Required work. For this exercise, print the listing below exactly, without its pictures.

Provided data.
──────────

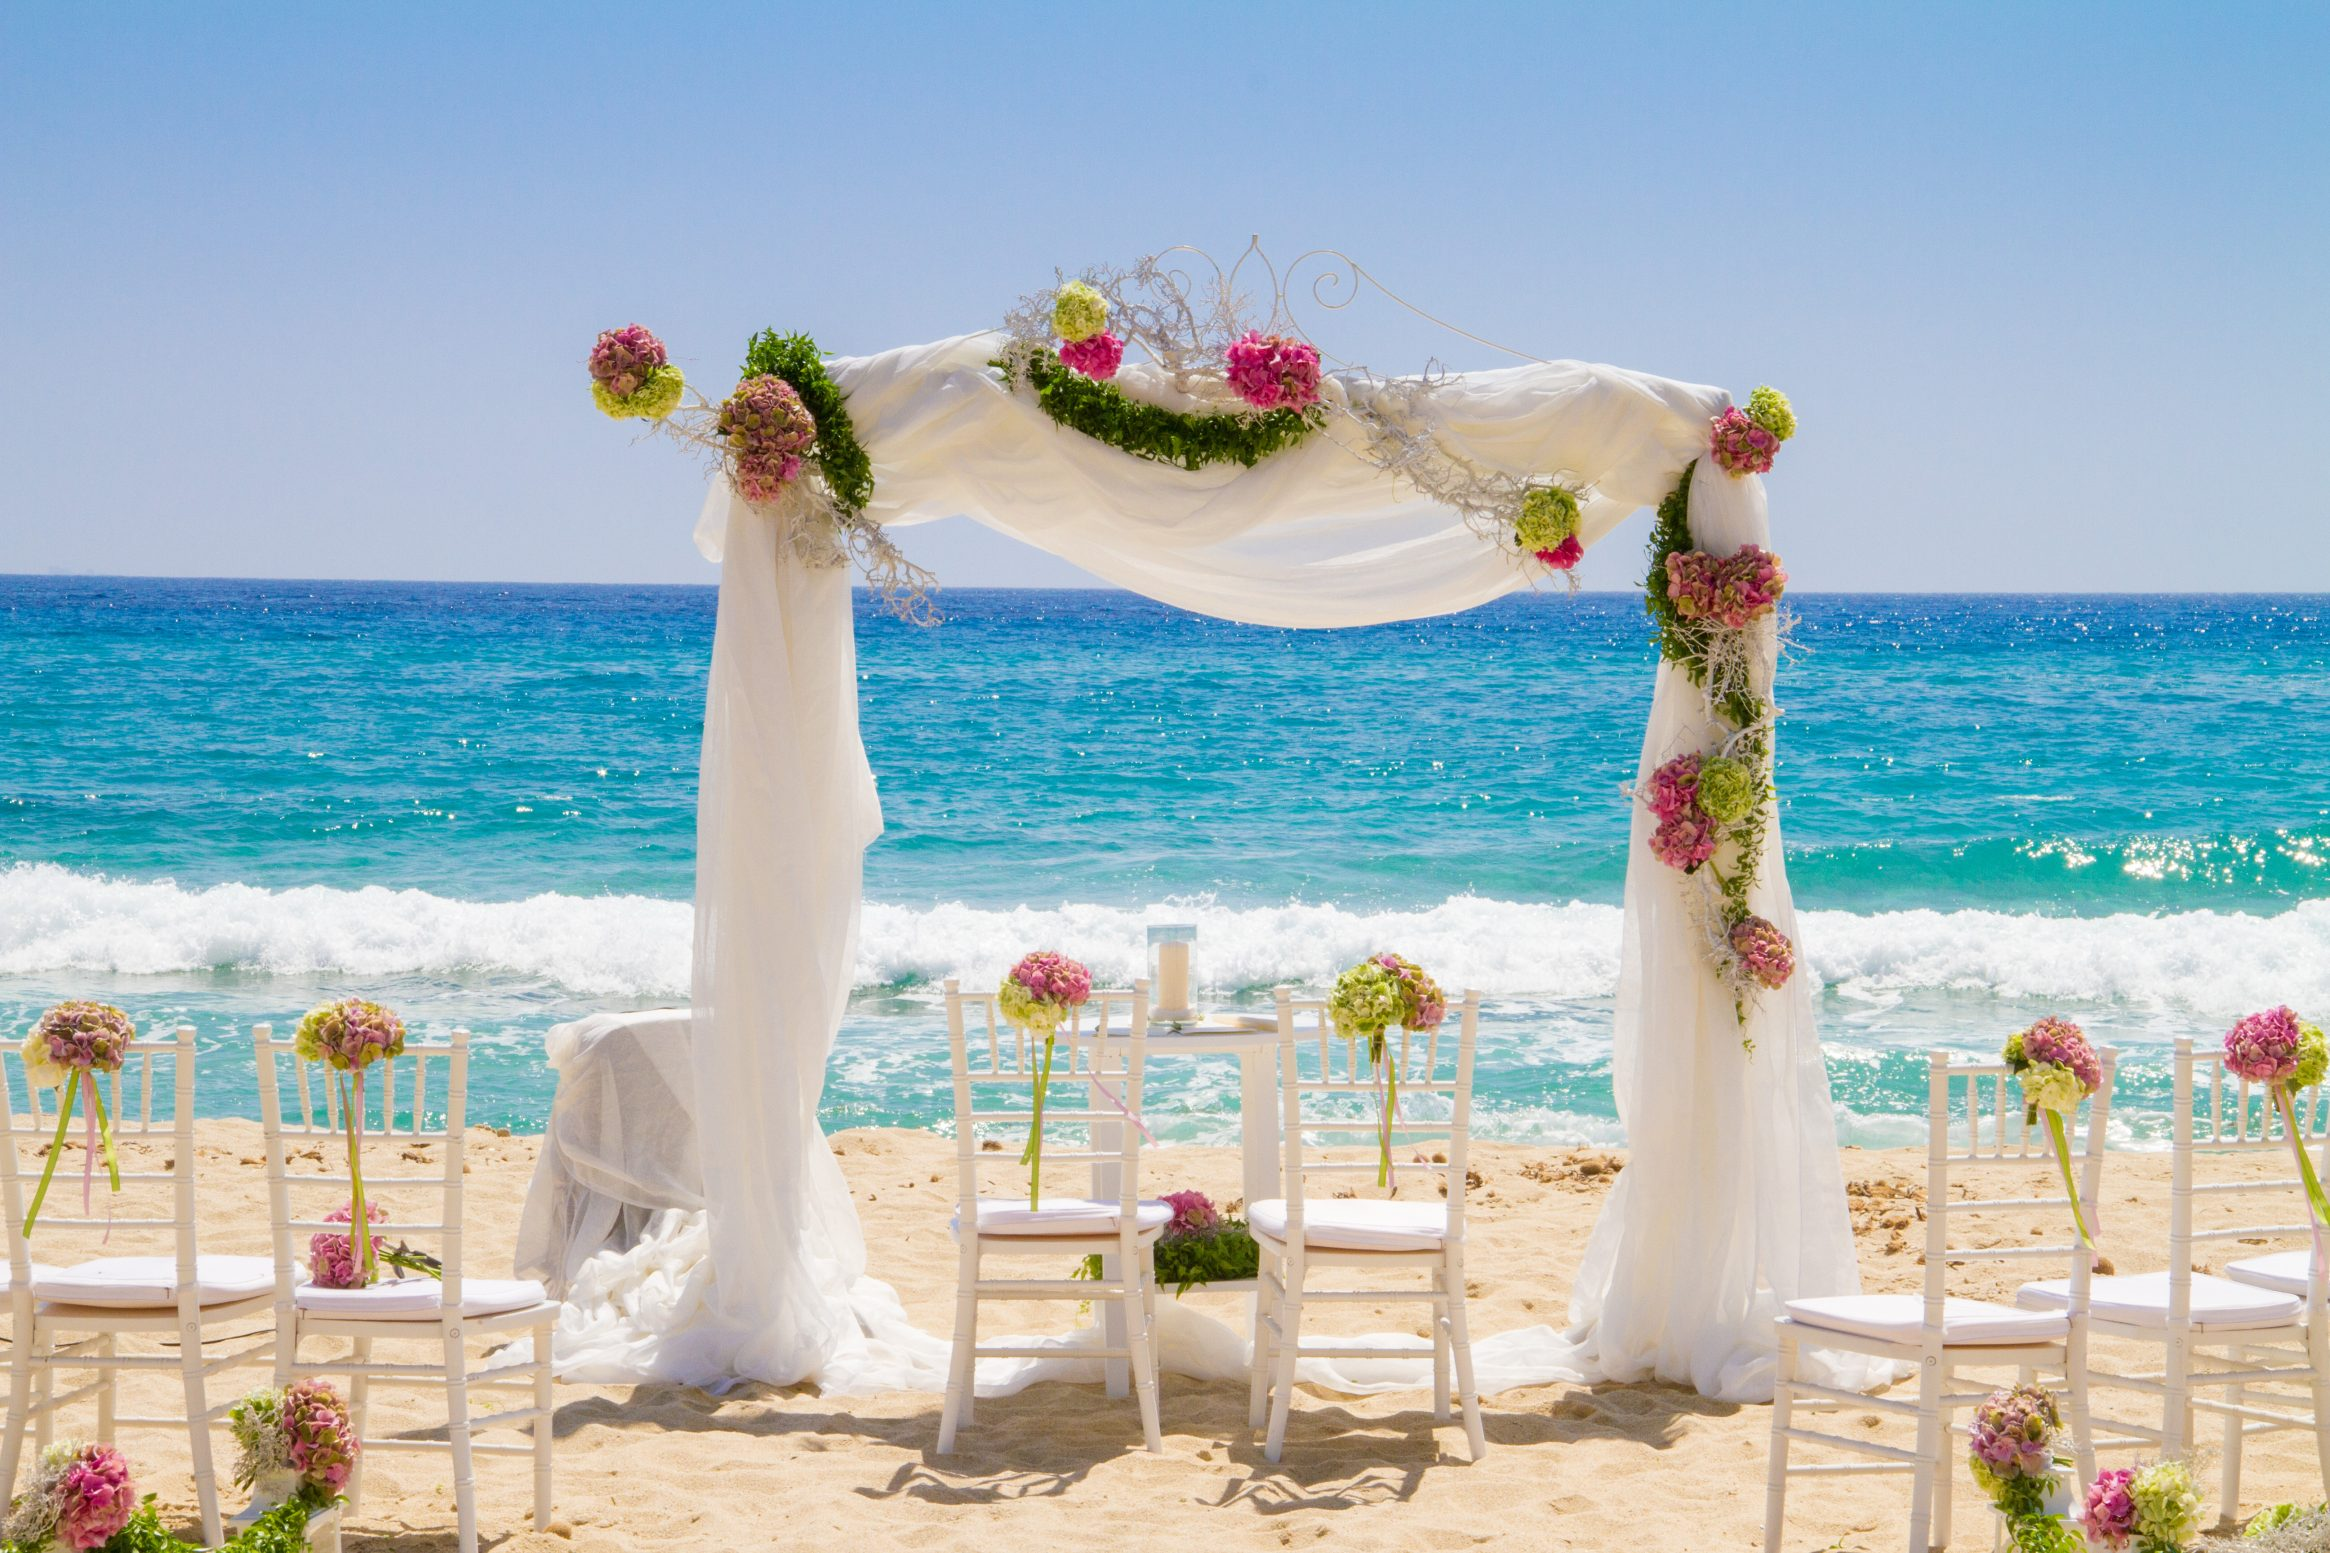 Matrimonio In Spiaggia Roma : Matrimonio in spiaggia paola repetto consoli wedding
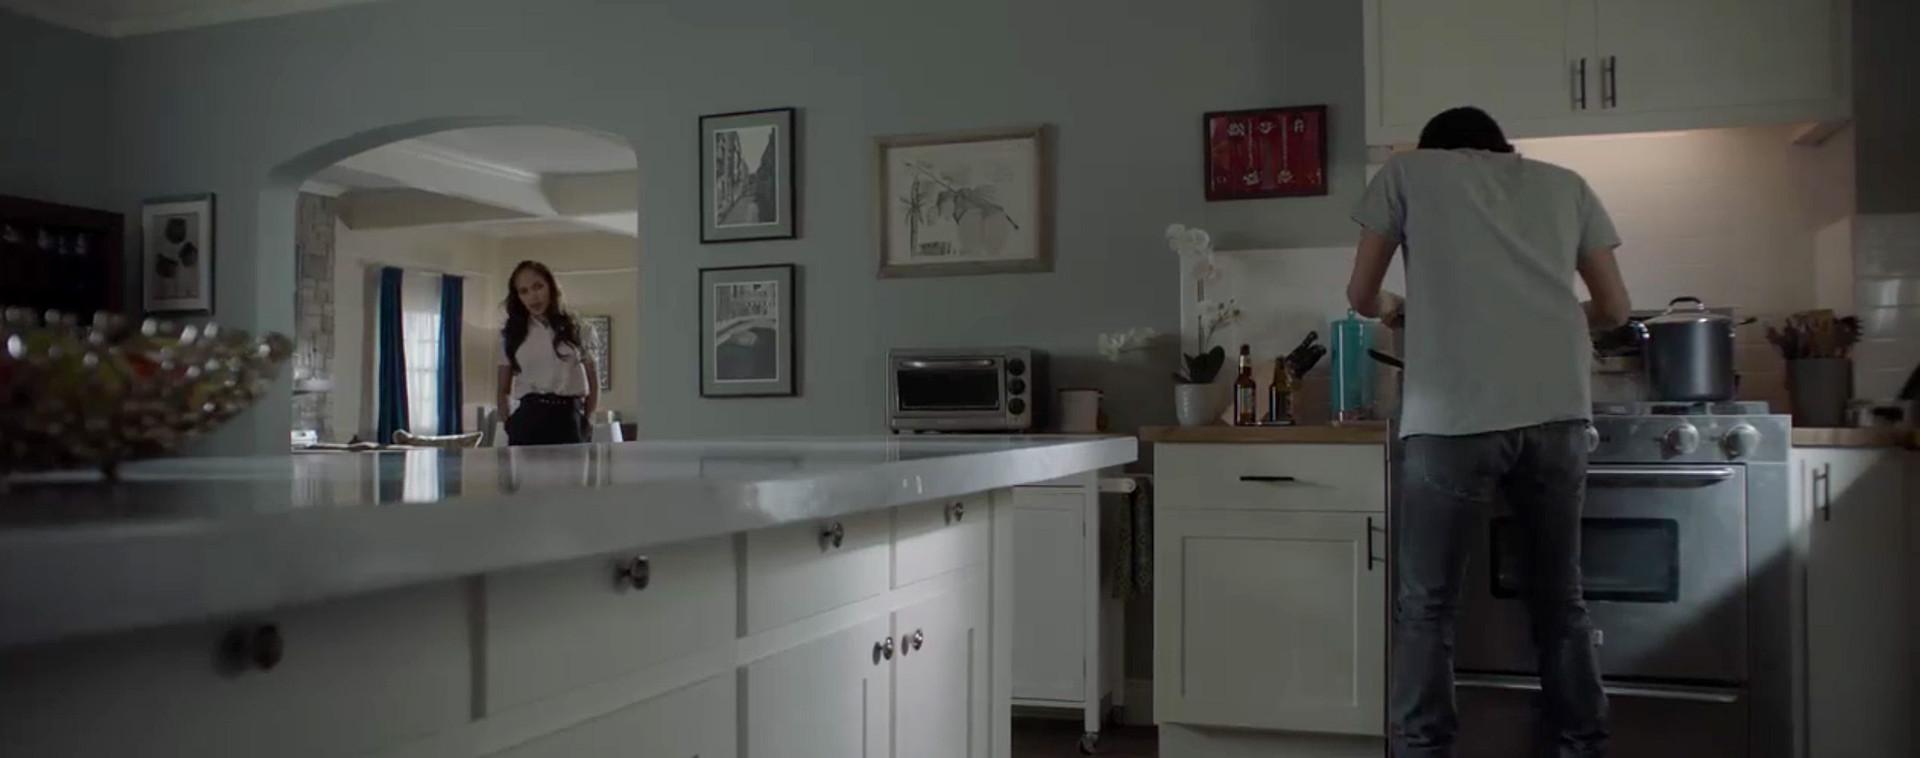 Esme Kitchen.jpg
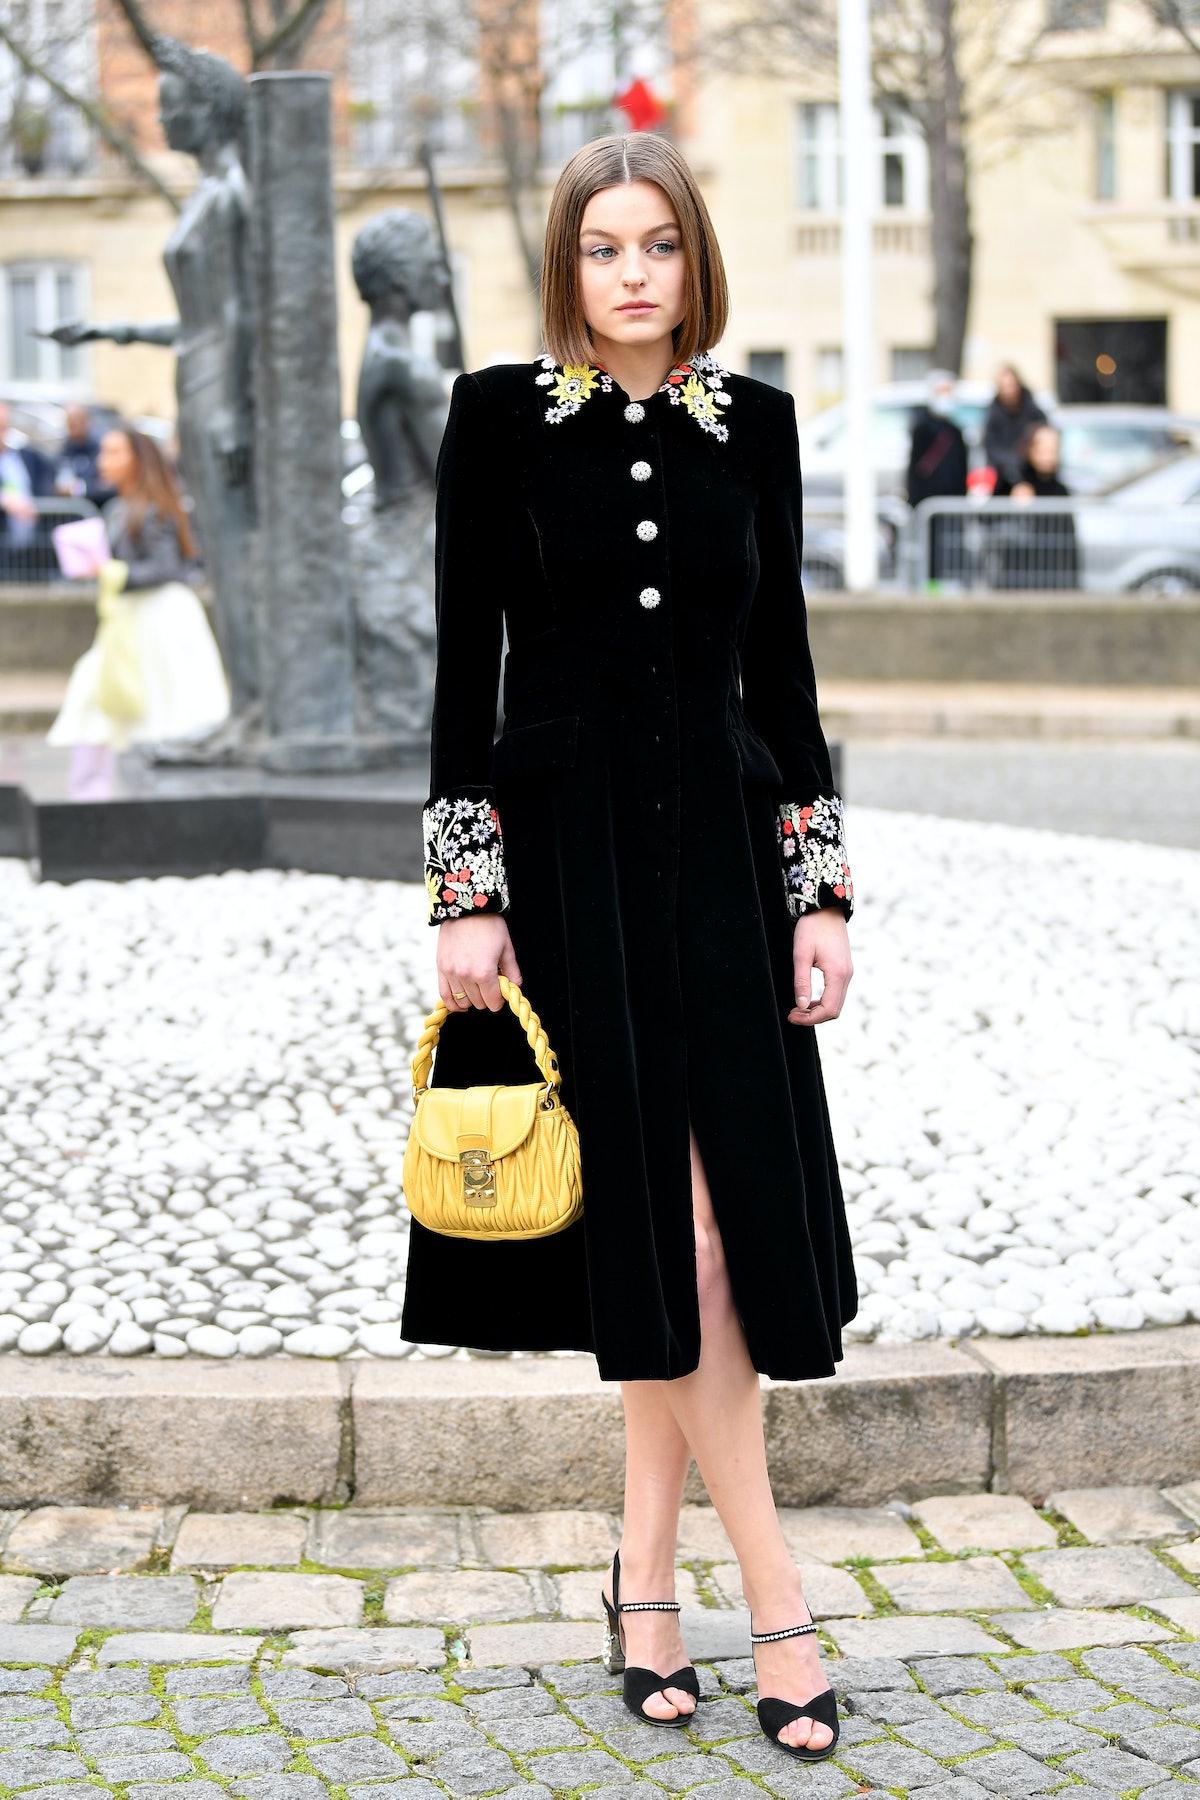 اما کورین در نمایشگاه Miu Miu به عنوان بخشی از لباس زنانه هفته مد پاریس در پاییز/زمستان 2020/2 شرکت می کند ...

──────────

Expected answer.
 Matrimonio In Spiaggia Roma : Matrimonio in spiaggia paola repetto consoli wedding
 Esme Kitchen.jpg
 اما کورین در نمایشگاه Miu Miu به عنوان بخشی از لباس زنانه هفته مد پاریس در پاییز/زمستان 2020/2 شرکت می کند ...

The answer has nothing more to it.